Fluorescence microscopy allows real-time monitoring of optical molecular probes for disease characterization, drug development, and tissue regeneration. However, when a biological sample is thicker than 1 mm, intense scattering of light would significantly degrade the spatial resolution of fluorescence microscopy. In this paper, we develop a fluorescence microtomography technique that utilizes the Monte Carlo method to image fluorescence reporters in thick biological samples. This approach is based on an l(0)-regularized tomography model and provides an excellent solution. Our studies on biomimetic tissue scaffolds have demonstrated that the proposed approach is capable of localizing and quantifying the distribution of optical molecular probe accurately and reliably.

Geometrical modeling using multiregional marching tetrahedra for bioluminescence tomography

Localization and quantification of the light sources generated by the expression of bioluminescent reporter genes is an important task in bioluminescent imaging of small animals, especially the generically engineered mice. To employ the Monte Carlo method for the light-source identification, the surfaces that define the anatomic structures of the small experimental animal is required; to perform finite element-based reconstruction computation, the volumetric mesh is a must. In this work, we proposed a Multiregional Marching Tetrahedra (MMT) method for extracting the surface and volumetric meshes from segmented CT/micro-CT (or MRI) image volume of a small experimental animal. The novel MMT method extracts triangular surface mesh and constructs tetrahedra/prisms volumetric finite element mesh for all anatomic components, including heart, liver, lung, bones etc., within one sweep over all the segmented CT slices. In comparison with the well-established Marching Tetrahedra (MT) algorithm, our MMT method takes into consideration of two more surface extraction cases within each tetrahedron, and guarantees seamless connection between anatomical components. The surface mesh is then smoothed and simplified, without losing the seamless connections. The MMT method is further enhanced to generate volumetric finite-element mesh to fill the space of each anatomical component. The mesh can then be used for finite element-based inverse computation to identify the light sources.

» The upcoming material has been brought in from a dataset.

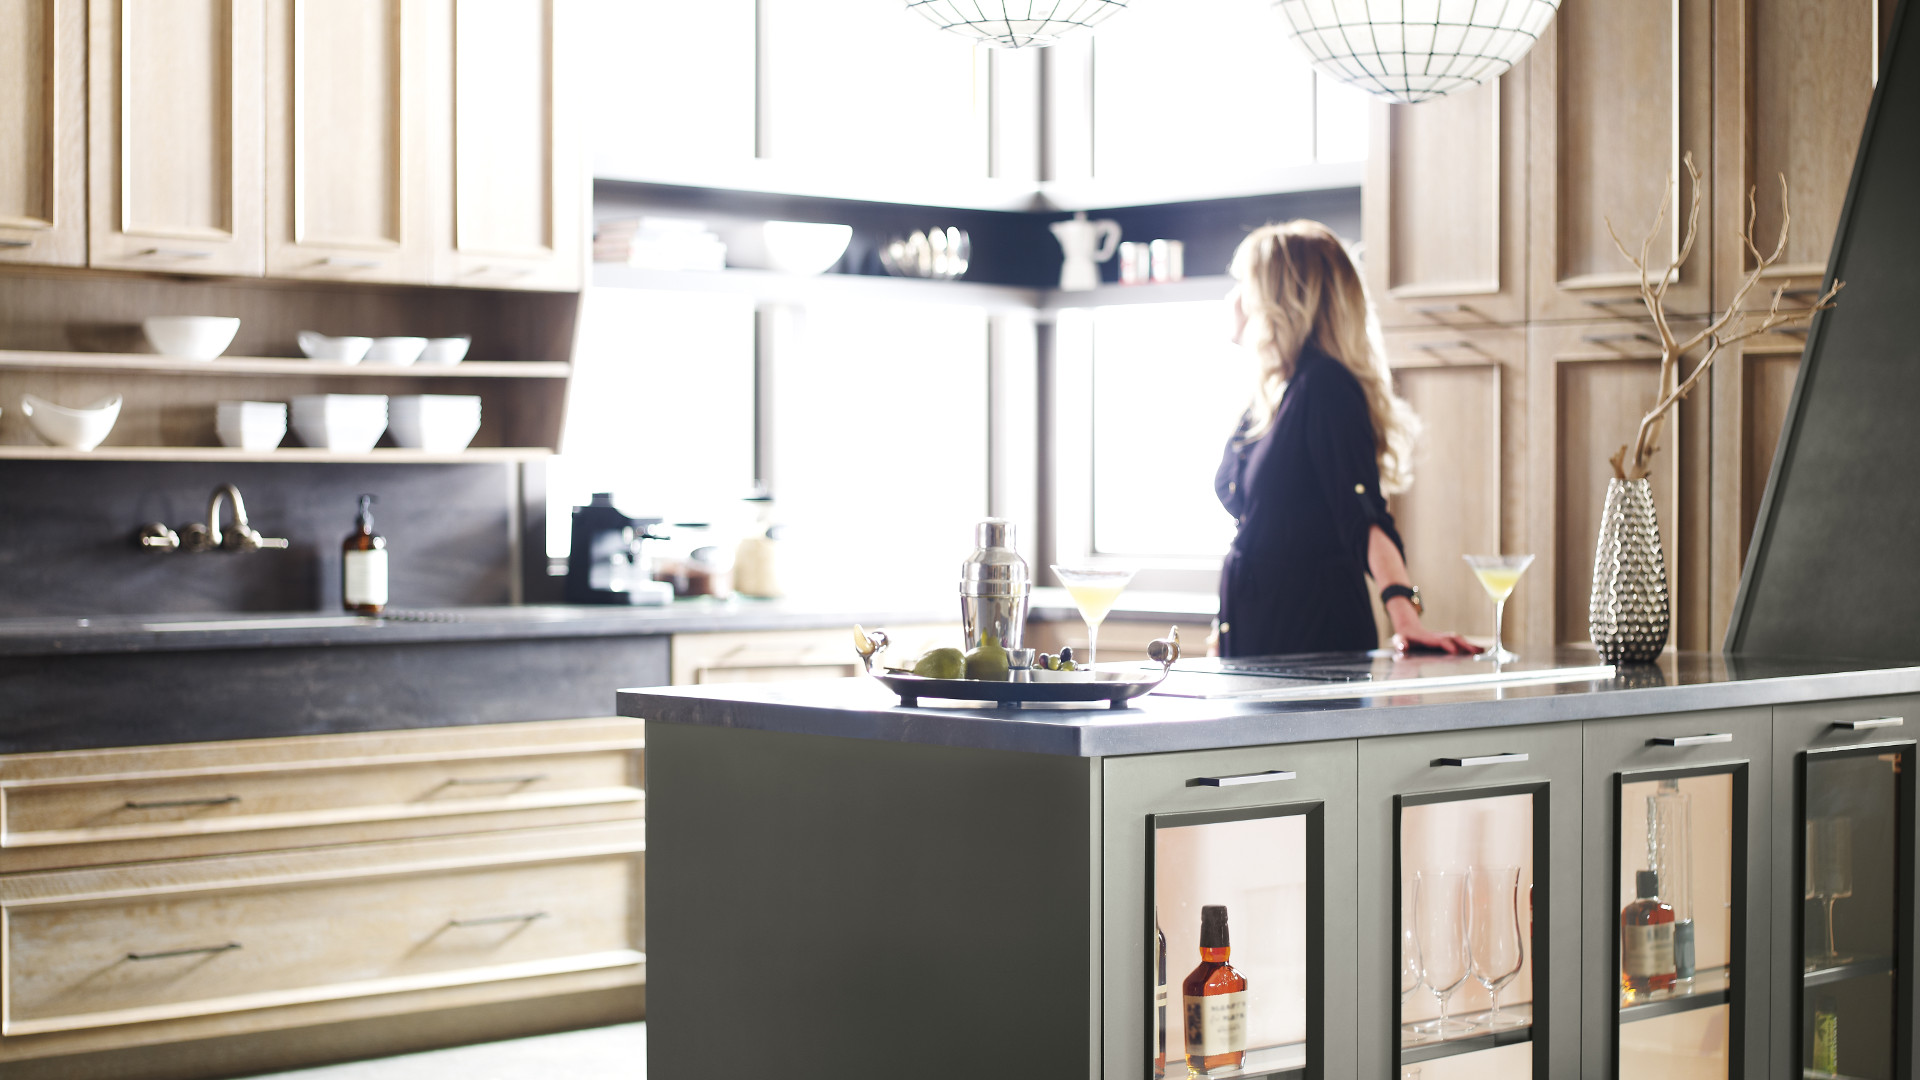 EKB | Kitchens and Interior Design and Remodels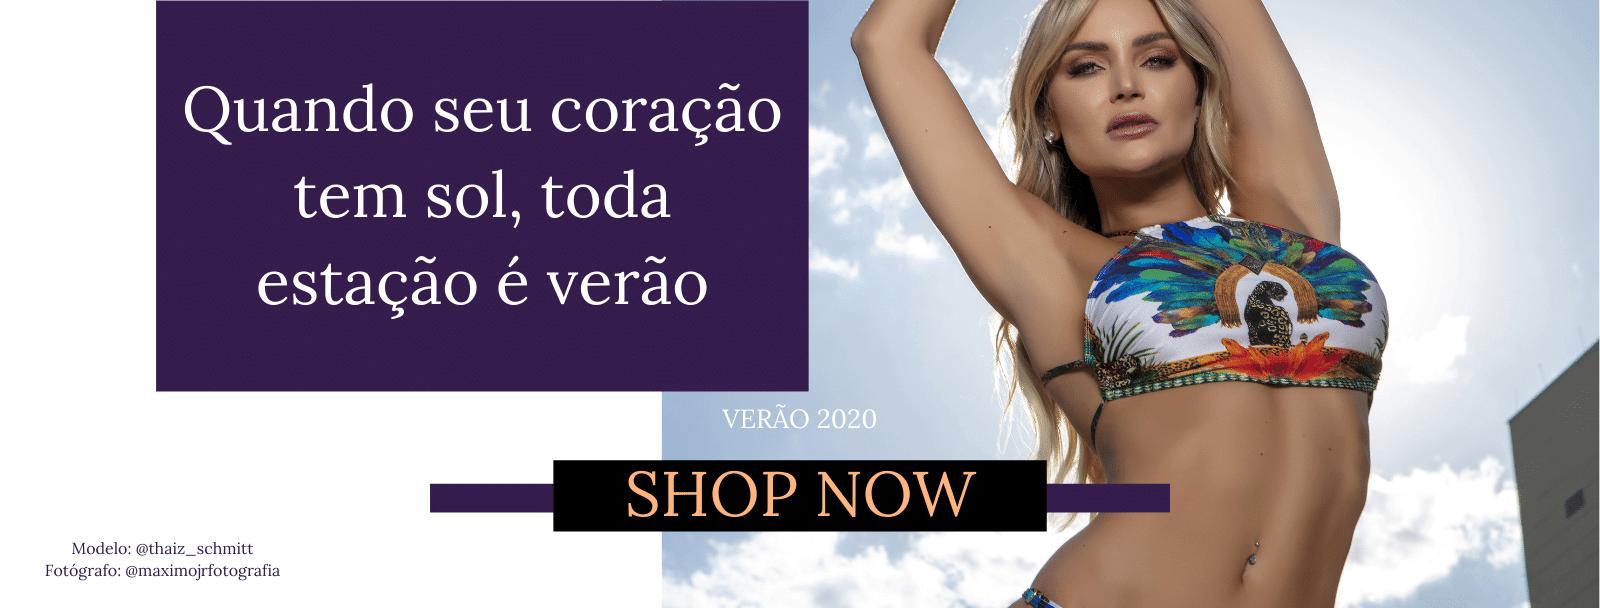 loja-online-moda-praia-livelle-beachwear-3

Improving the accuracy of the diffusion model in highly absorbing media

The diffusion approximation of the Boltzmann transport equation is most commonly used for describing the photon propagation in turbid media. It produces satisfactory results in weakly absorbing and highly scattering media, but the accuracy lessens with the decreasing albedo. In this paper, we presented a method to improve the accuracy of the diffusion model in strongly absorbing media by adjusting the optical parameters. Genetic algorithm-based optimization tool is used to find the optimal optical parameters. The diffusion model behaves more closely to the physical model with the actual optical parameters substituted by the optimized optical parameters. The effectiveness of the proposed technique was demonstrated by the numerical experiments using the Monte Carlo simulation data as measurements.